Lo dicho son las causas de la tibieza, pero ¿qué efectos tiene? ¿cómo se manifiesta? El resultado de
la resistencia de la criatura a Dios, lleva al hombre por caminos que van desde la inquietud de espíritu
(dispersión, afán de novedades, falta de sosiego, charlatanería, falta de reposo, etc.), hasta la
obstinación en la huida de Dios, buscando inútilmente que Dios le deje en paz. Esto produce, cuando
no hay arrepentimiento, la soledad, la incoación del infierno en la tierra, que es tanto más grave, cuanto
mayor es la proximidad con Dios y sus exigencias.
Y todo esto, que es grave para cualquier hombre, es mucho más grave para el cristiano que no sólo
se niega a amar con amor natural, sino que renuncia a algo mucho más grande: el amor sobrenatural de
su filiación divina.
Por ejemplo una persona con buenas cualidades (inteligencia, simpatía, belleza,
capacidad de trabajo, dinero, etc.) puede hacerse mala si se ama a sí misma, si pone todas
las cualidades que posee al servicio de su amor propio, de su egoísmo. Y por el contrario,
una persona que está enferma o tiene un hijo enfermo, puede, gracias a su contrariedad,
ensanchar el corazón y hacer que ese dolor le sirva para ser más buena, mejorar su alegría
y ser un apoyo para los demás.
4. El amor personal
En su Ética a Nicómaco, Aristóteles distingue tres amores, como posibles tendencias a tres posibles
bienes:
* El amor de benevolencia, que es el amor al otro, querer el bien para el otro, amar su bien.

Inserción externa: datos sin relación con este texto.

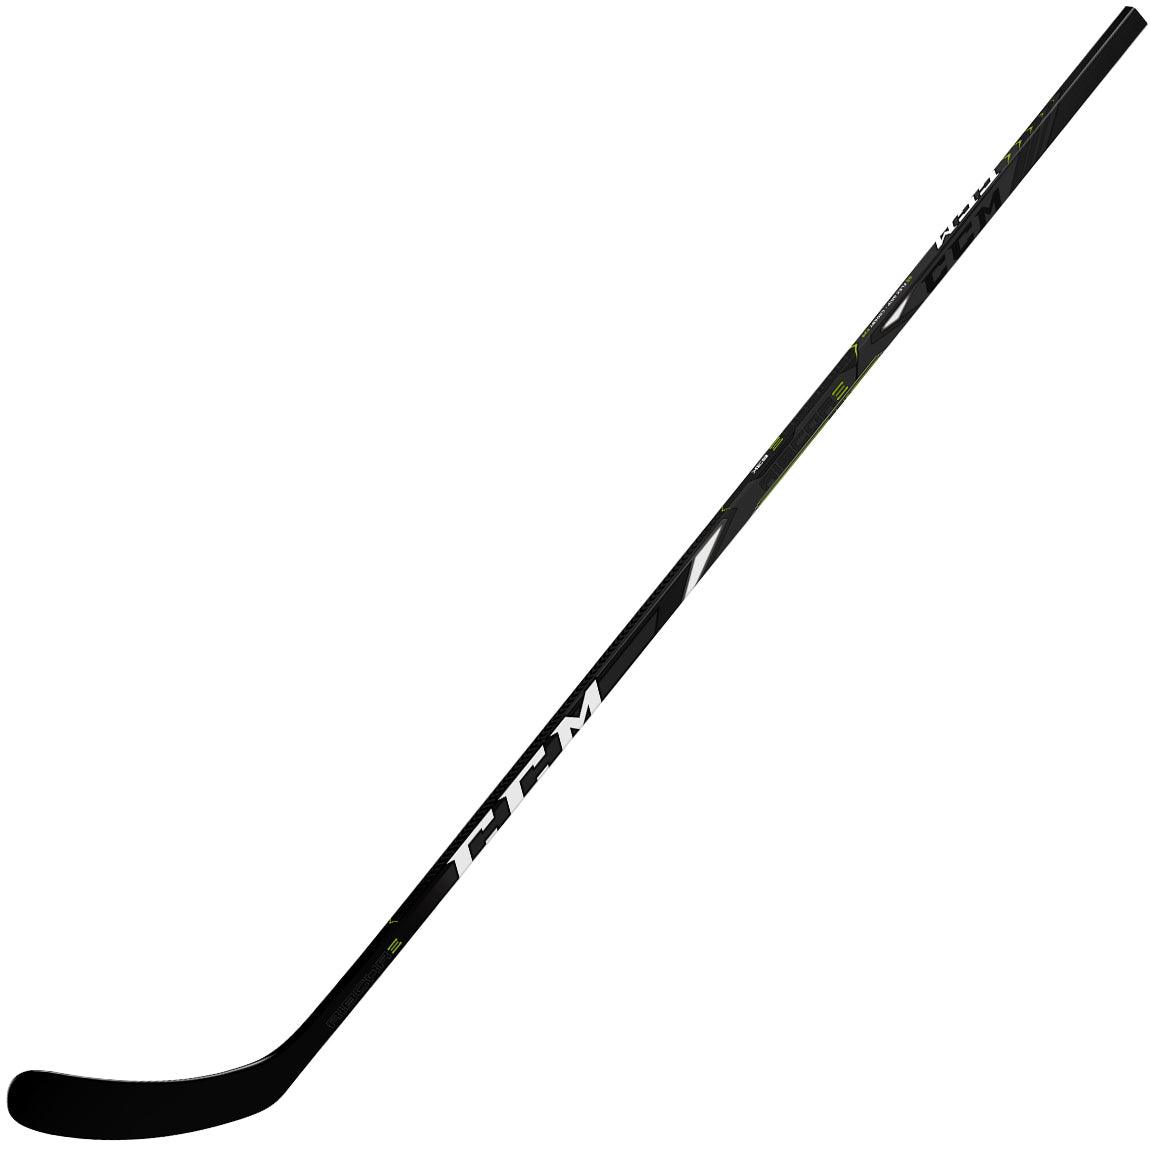 Ribcor 63K Hockey Stick - Senior - Sports Excellence

* El amor de placer o concupiscencia, que es el amor del bien para mí, el amor del bien
placentero, en cuanto me produce deleite, tanto espiritual como corporal.
* Y por último, el amor útil, el amor de lo que es bueno sólo como medio para alcanzar uno de los
otros bienes.
No se trata propiamente de tres especies del mismo género. En realidad, sólo el amor de
benevolencia o amor electivo es amor en sentido pleno. Los otros dos amores (el placer y la utilidad)

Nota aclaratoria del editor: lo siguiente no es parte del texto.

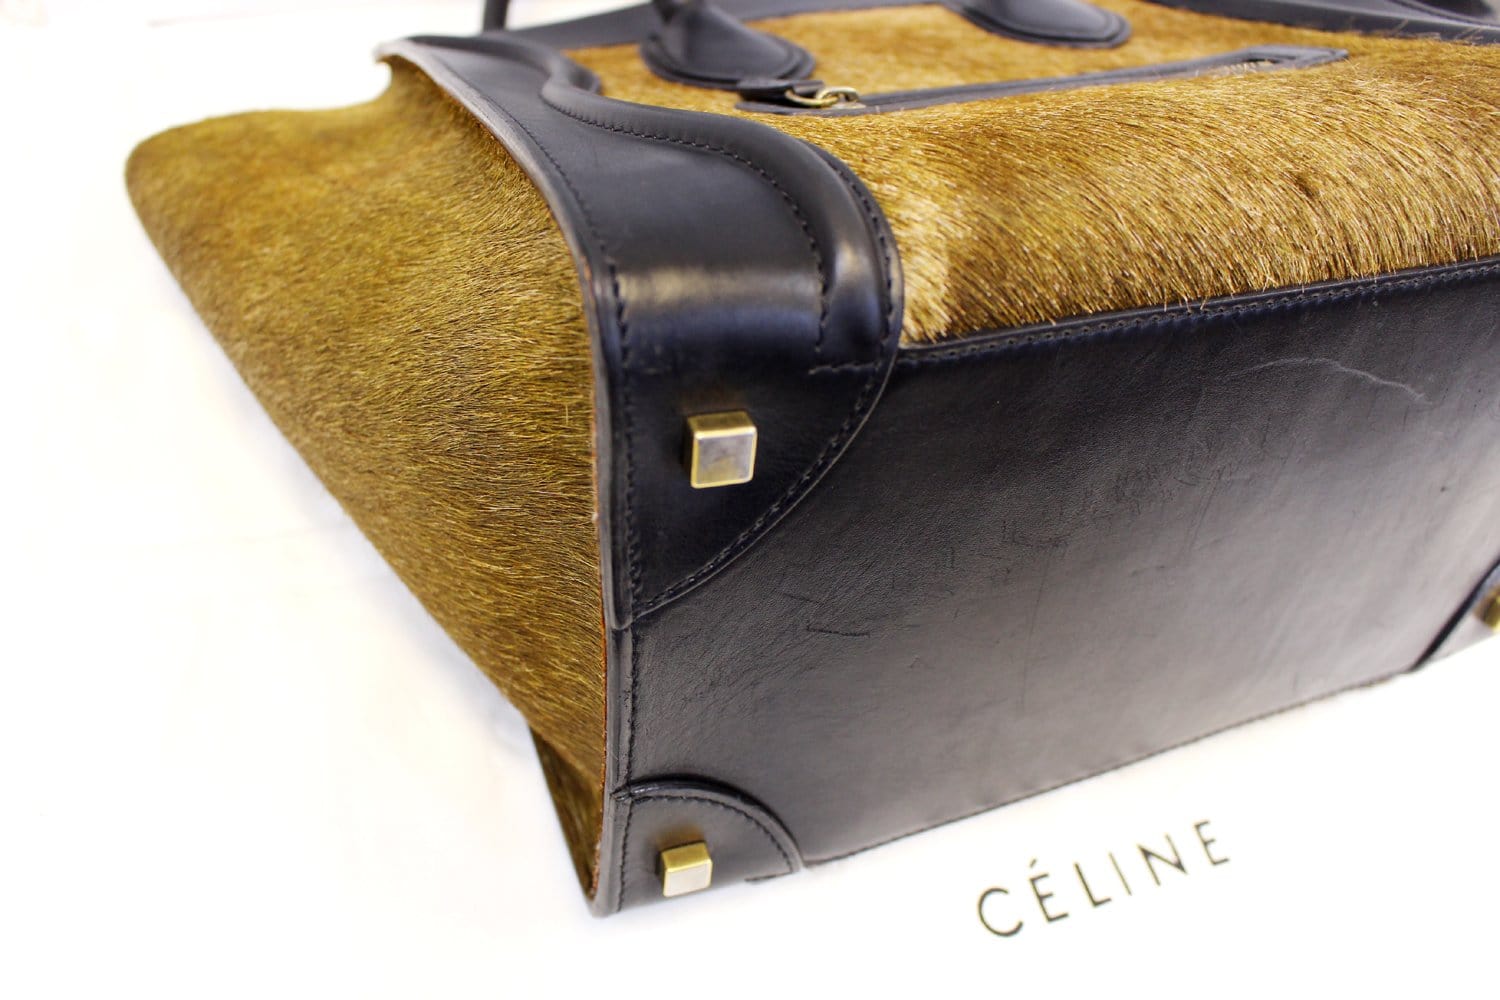 Celine Pony Hair Mini Tri-Color Luggage Tote Bag

son apetencias o deseos. Con acierto escribe San Bernardo: “El amor excluye todo otro motivo y otro
fruto que no sea él mismo. Su fruto es experimentarlo. Amo porque amo; amo para amar”.

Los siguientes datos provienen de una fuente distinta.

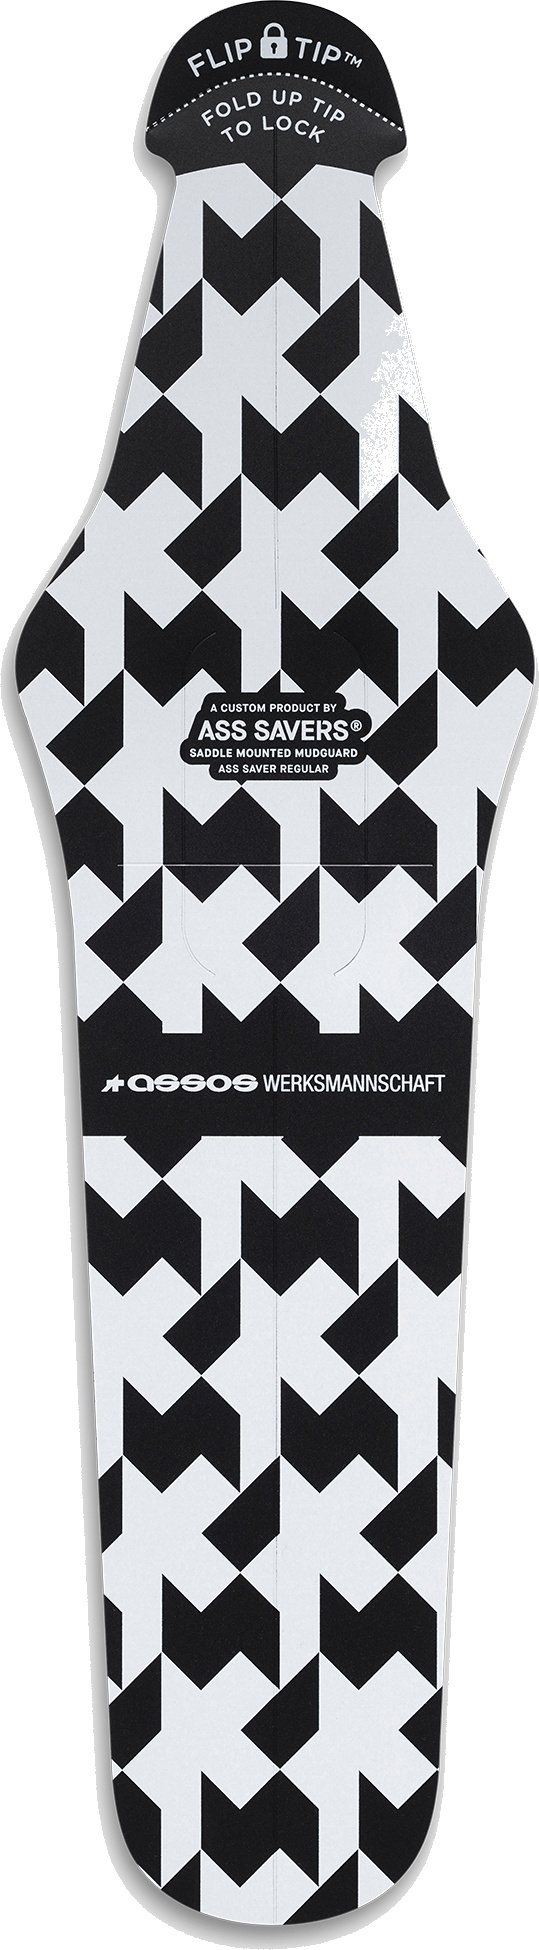 Tilbehør - Cykelskærme - Assos Mud Guard / Ass Saver Monogram

Si deseamos dar vida al amor de benevolencia, al amor voluntario, podemos preguntarnos: ¿qué
debemos amar? De todas las cosas que podemos amar, lo más “amable”, lo verdaderamente amable
con amor de benevolencia son las personas. Sólo las personas pueden ser amadas con verdadera
dilección, y sólo así deben ser amadas: porque sólo las personas son verdaderos bienes en sí, de alguna
manera absolutos, en cuanto dueños de sí mismos, en cuanto libres y seres que pueden amar, que son
capaces de amar eternamente. Y el amor desea ser eterno: “No deberías morirte nunca” es la frase que
se puede dirigir a quien de verdad se ama.
Cuando amamos de verdad -con amor de benevolencia o amor honesto- a alguien, lo que amamos es
precisamente su amor, su libertad de amar; y no ésta o aquella cualidad suya, sea física o espiritual
(aunque las buenas cualidades ayudan sin duda alguna). Como dice Andrés Eloy Blanco: “lo que hay
que amar es lo libre en el ser humano”. Nadie es capaz de aceptar un amor de una persona
condicionada a darnos su amor, una persona que no sea libre. Toda persona -hermosa o no, inteligente
o no, útil o no- puede ser amada, en cuanto que es libre y amorosa.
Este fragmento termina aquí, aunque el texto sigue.